*** EXTRACTED ENTRIES Section Begins ***
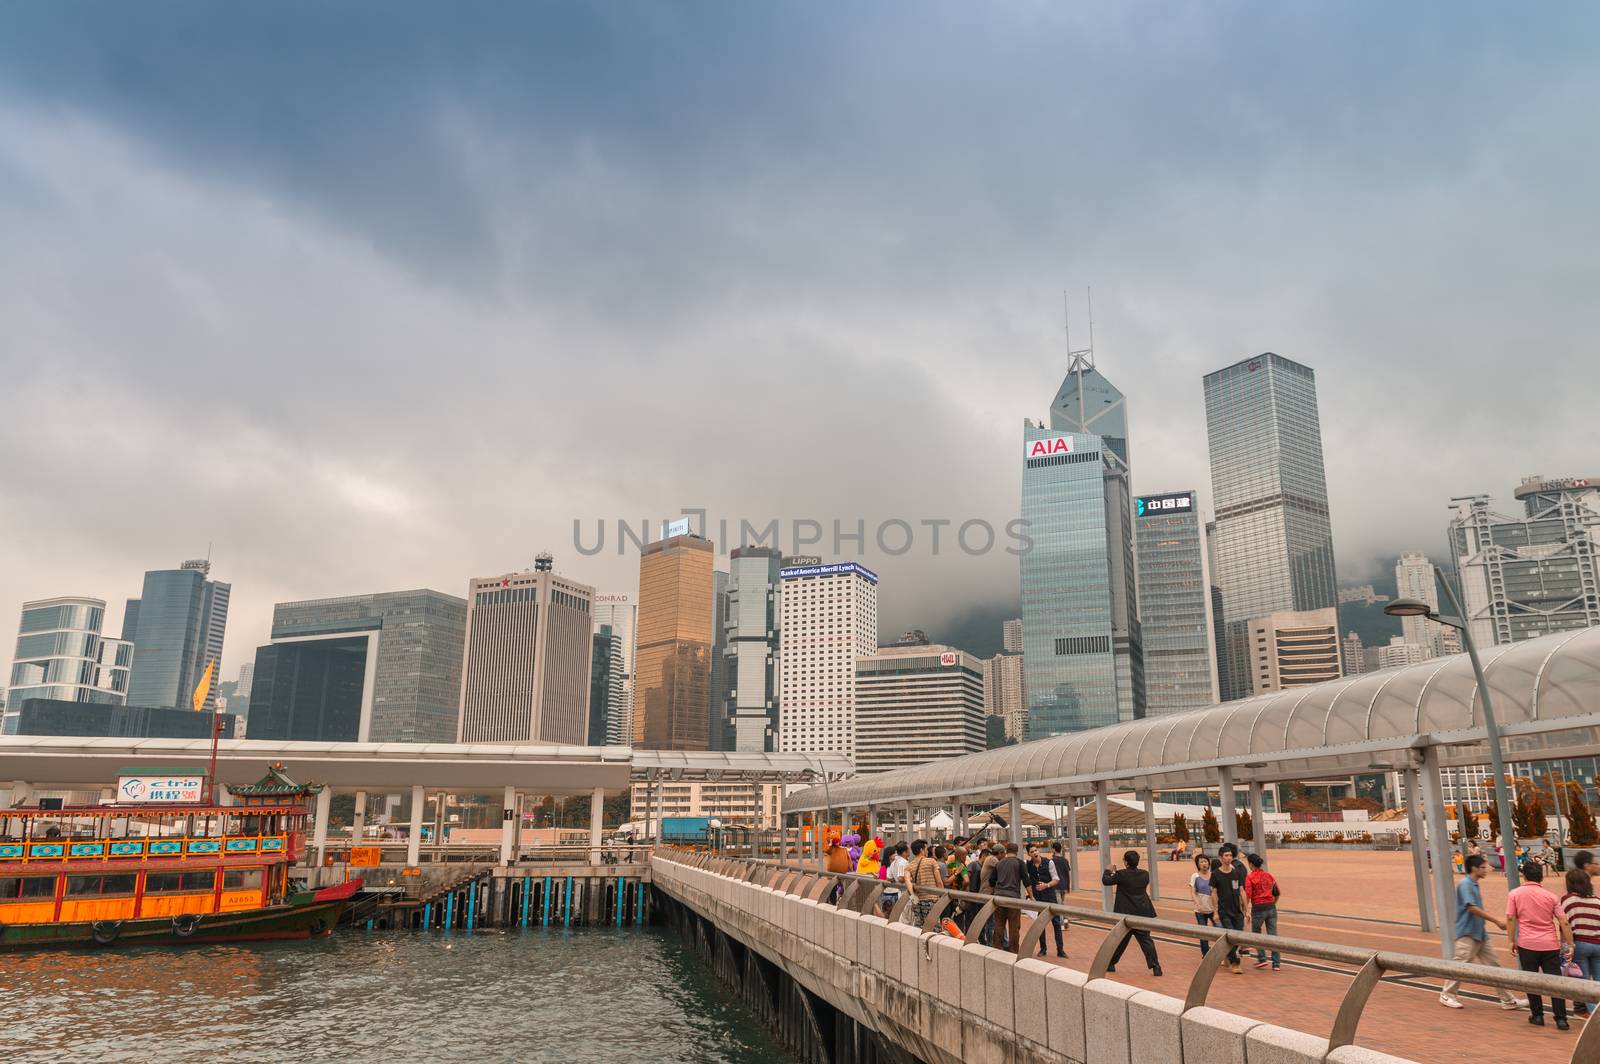 HONG KONG - APRIL 15, 2014: Hong Kong skyline on a spring day. Hong Kong is visited by more tha 20 million people annually.
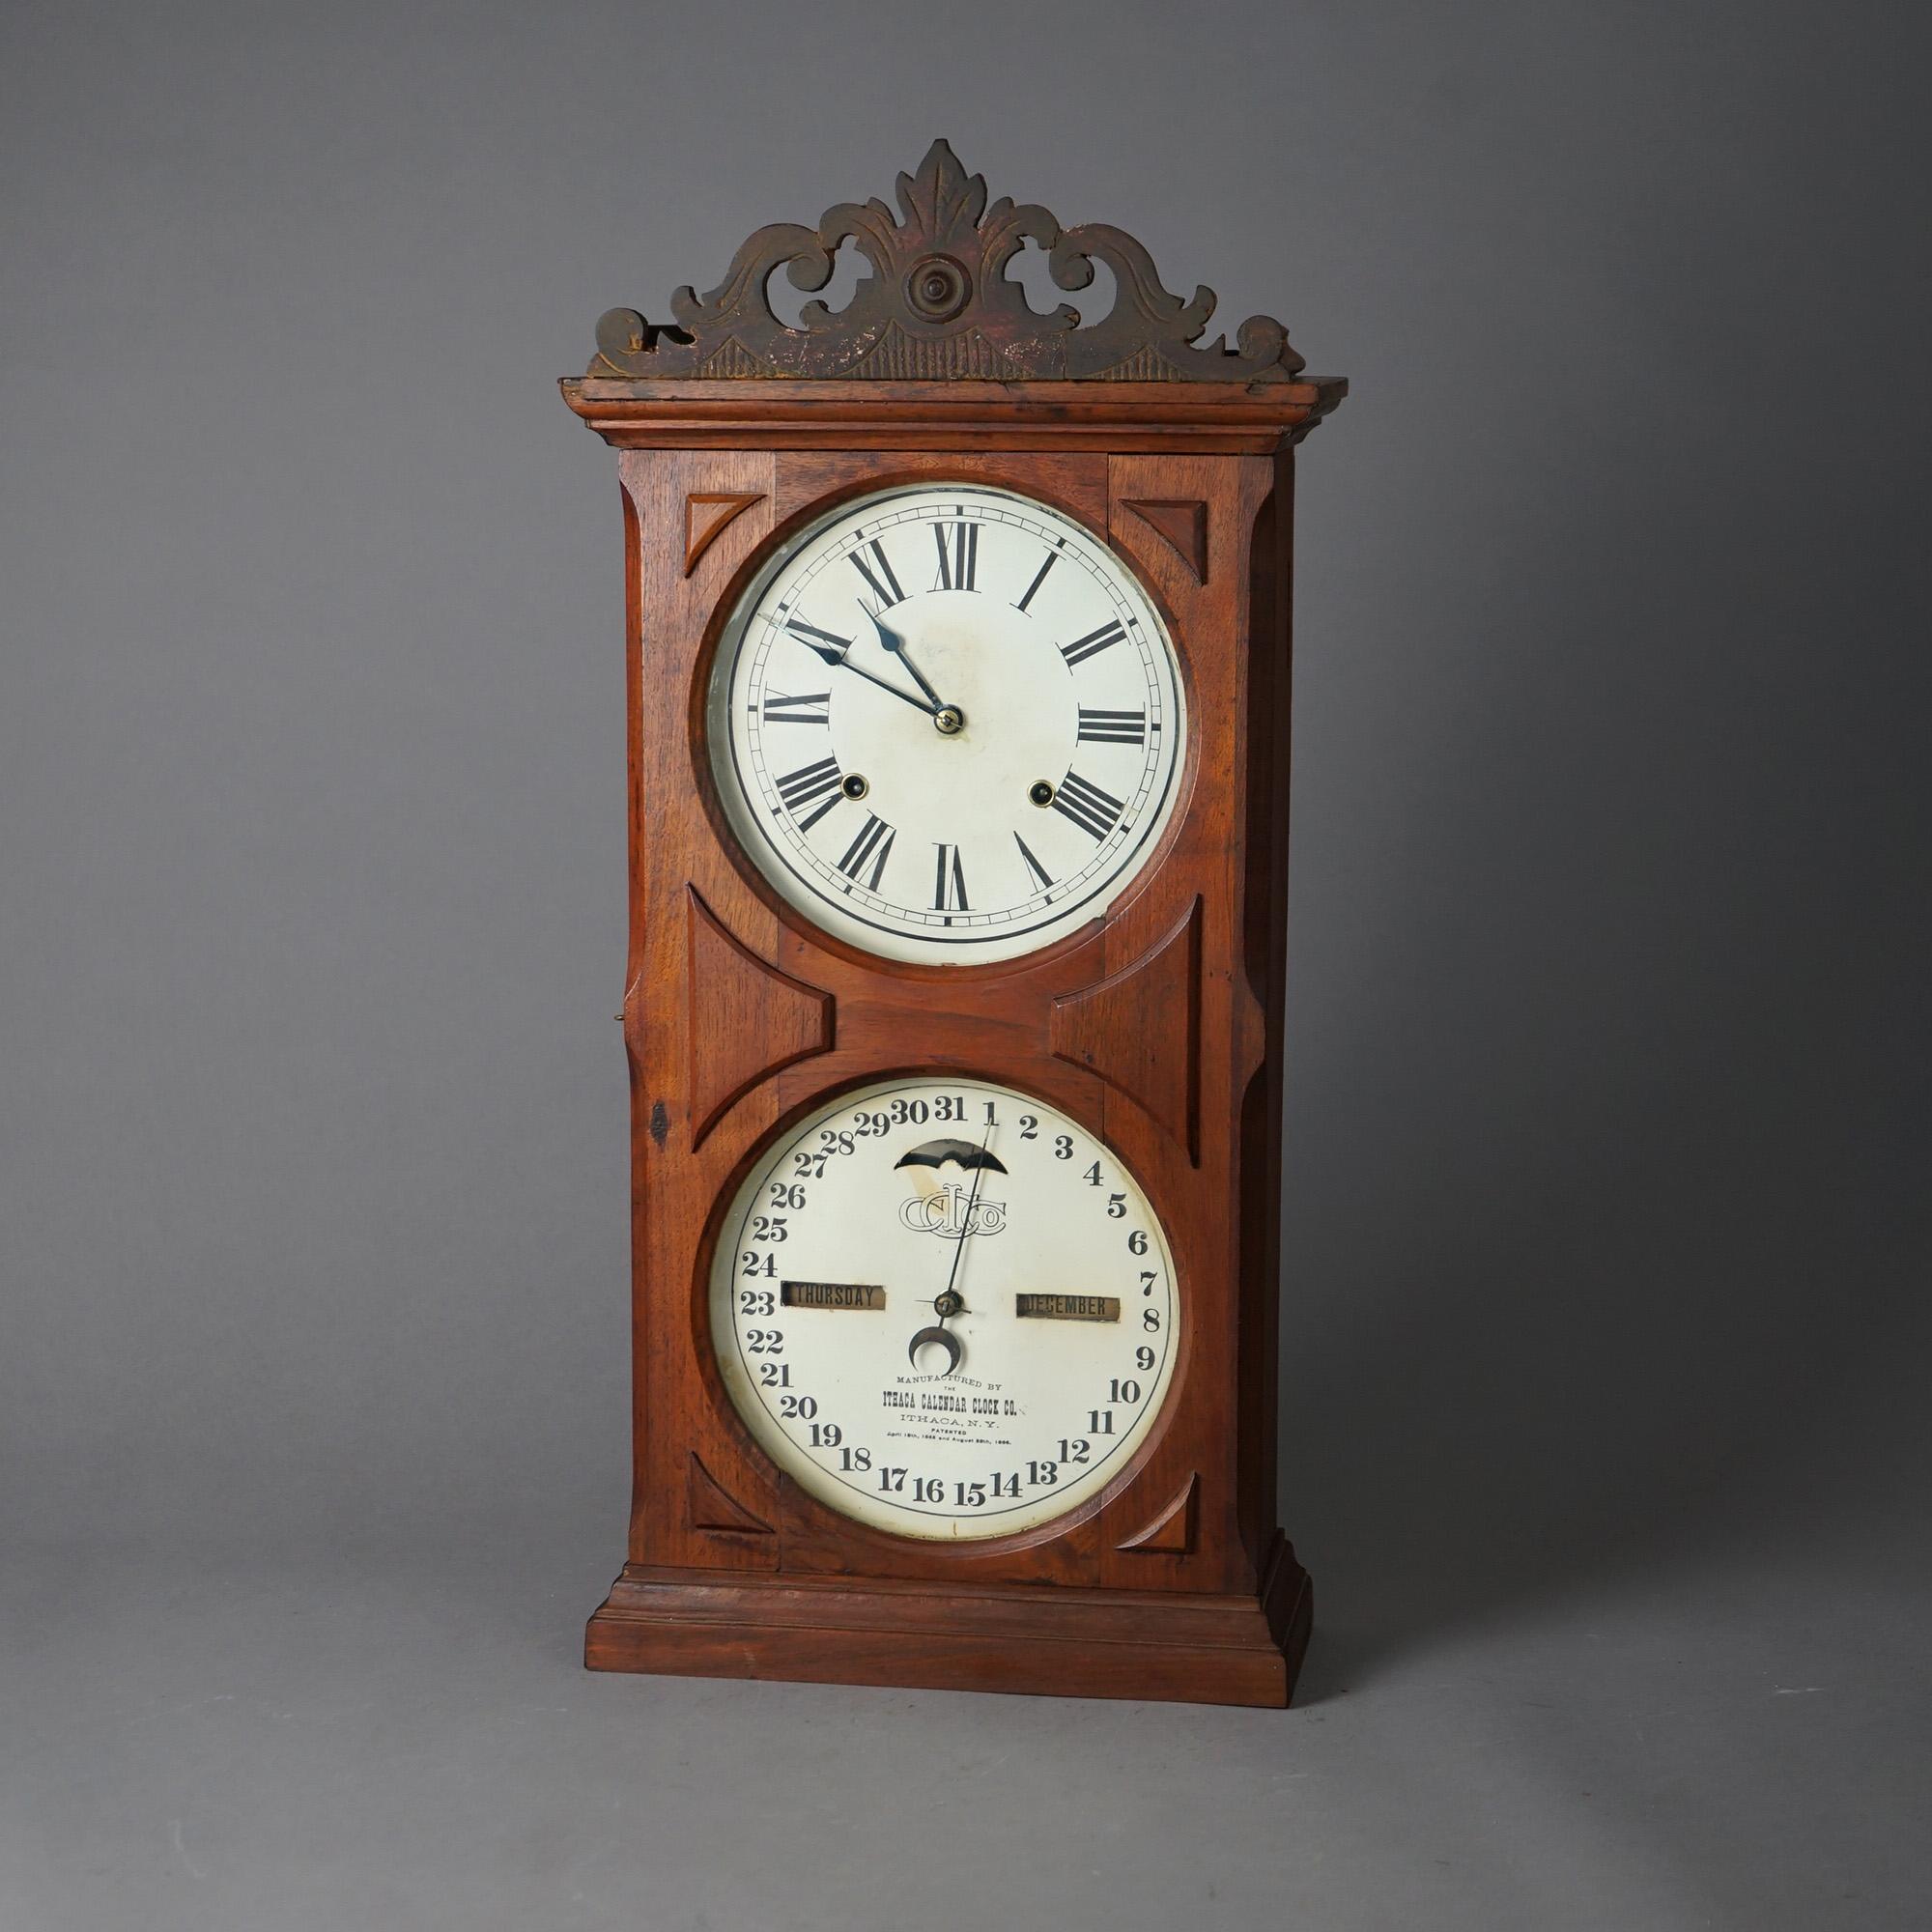 An antique mantel calendar clock by Ithaca offers walnut case with double dials including upper time dial and lower date dial, c1866

Measures - 26
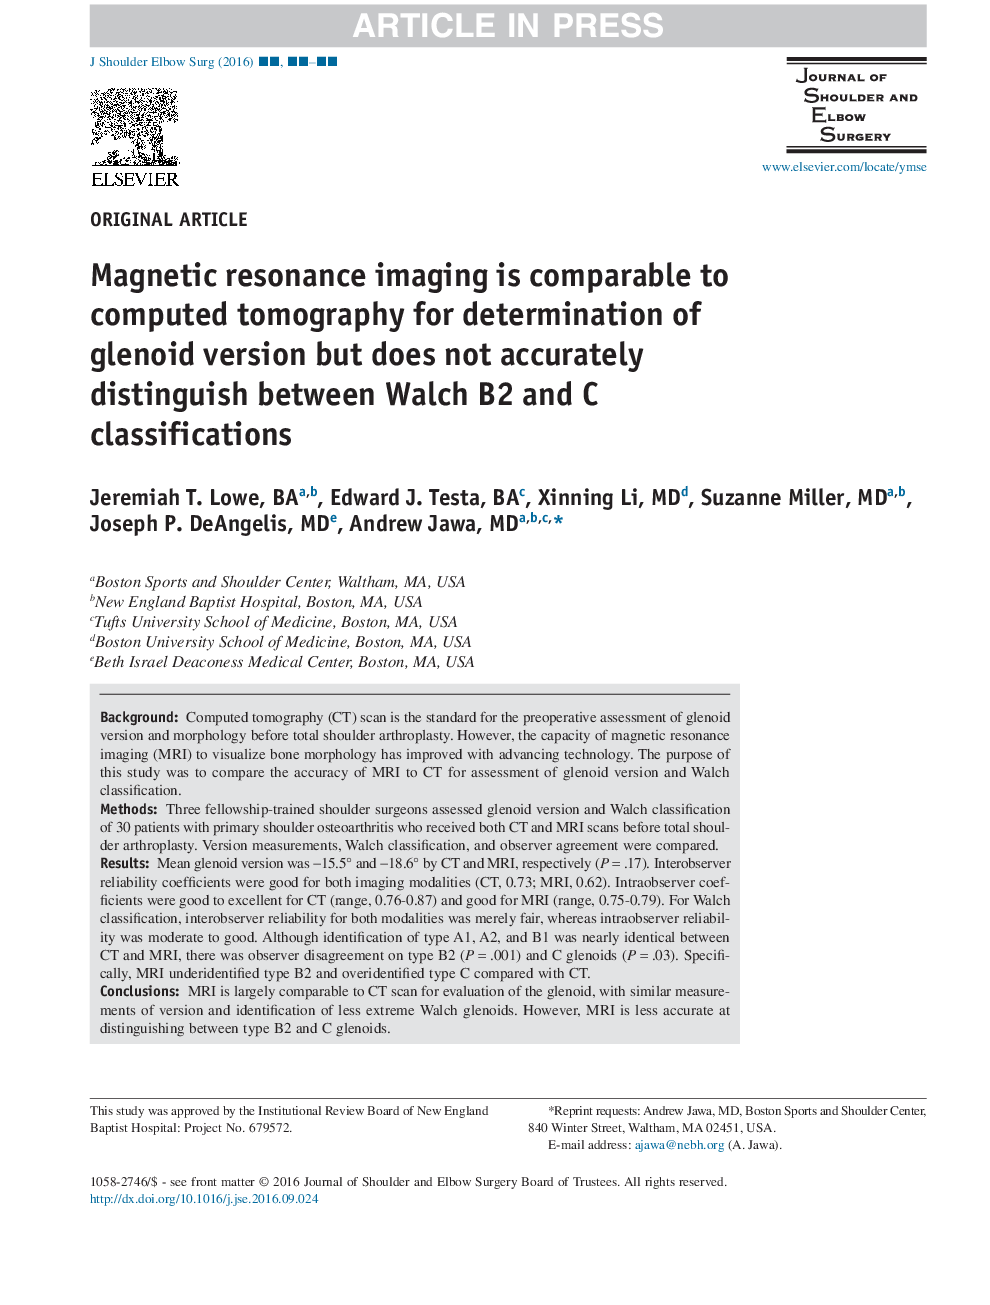 Magnetic resonance imaging is comparable to computed tomography for determination of glenoid version but does not accurately distinguish between Walch B2 and C classifications
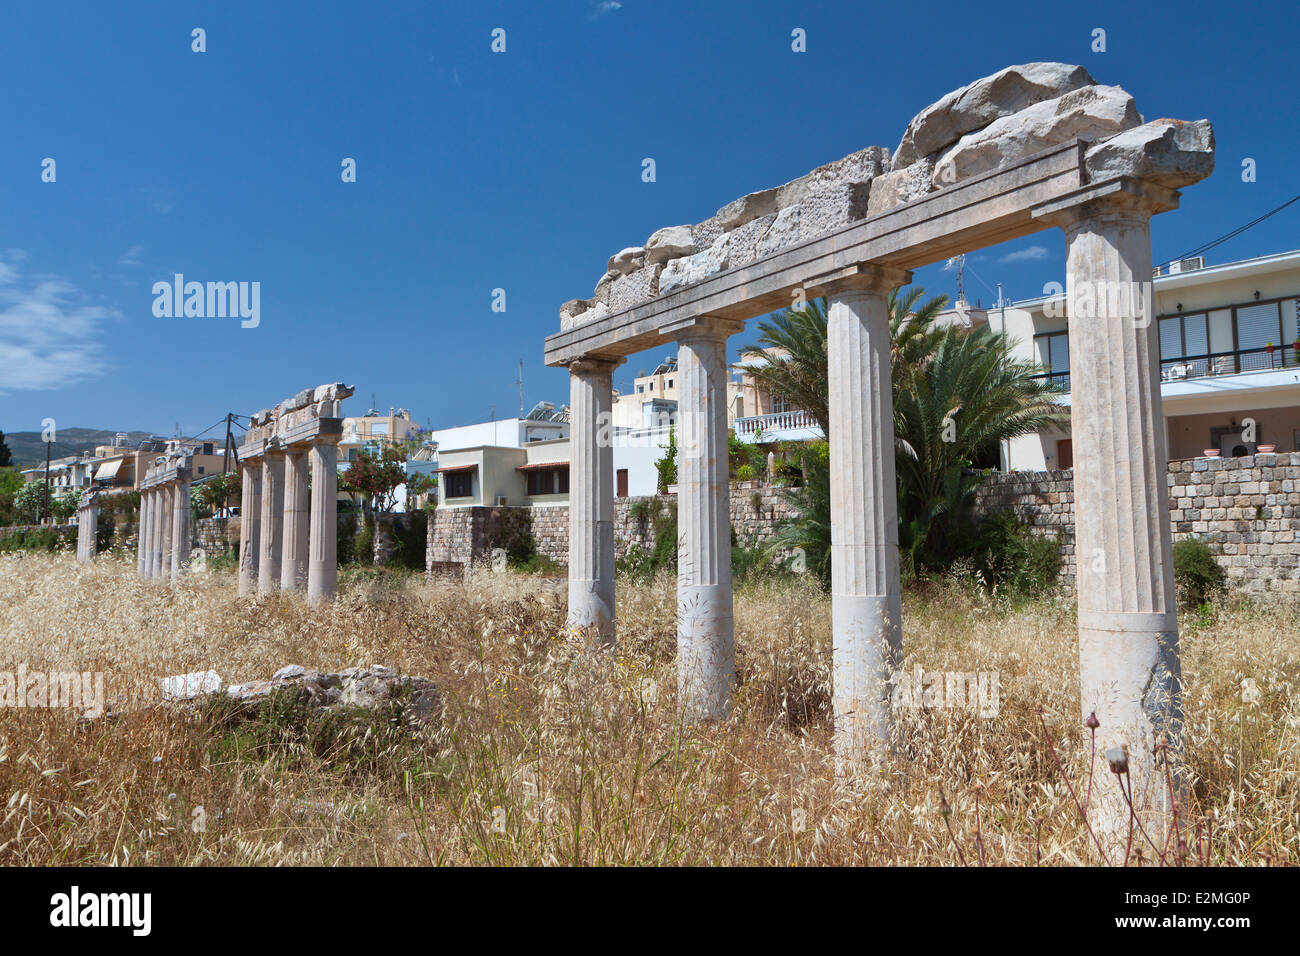 The ancient gymnasium of Kos island in Greece Stock Photo
*** EXTRACTED ENTRIES Section Ends ***
Retype verbatim only the lines beginning with the line that contains "Magnetic resonance imaging" and ending with the last line of the listing above; pictures are to be excluded.

 Magnetic resonance imaging is comparable to computed tomography for determination of glenoid version but does not accurately distinguish between Walch B2 and C classifications
 The ancient gymnasium of Kos island in Greece Stock Photo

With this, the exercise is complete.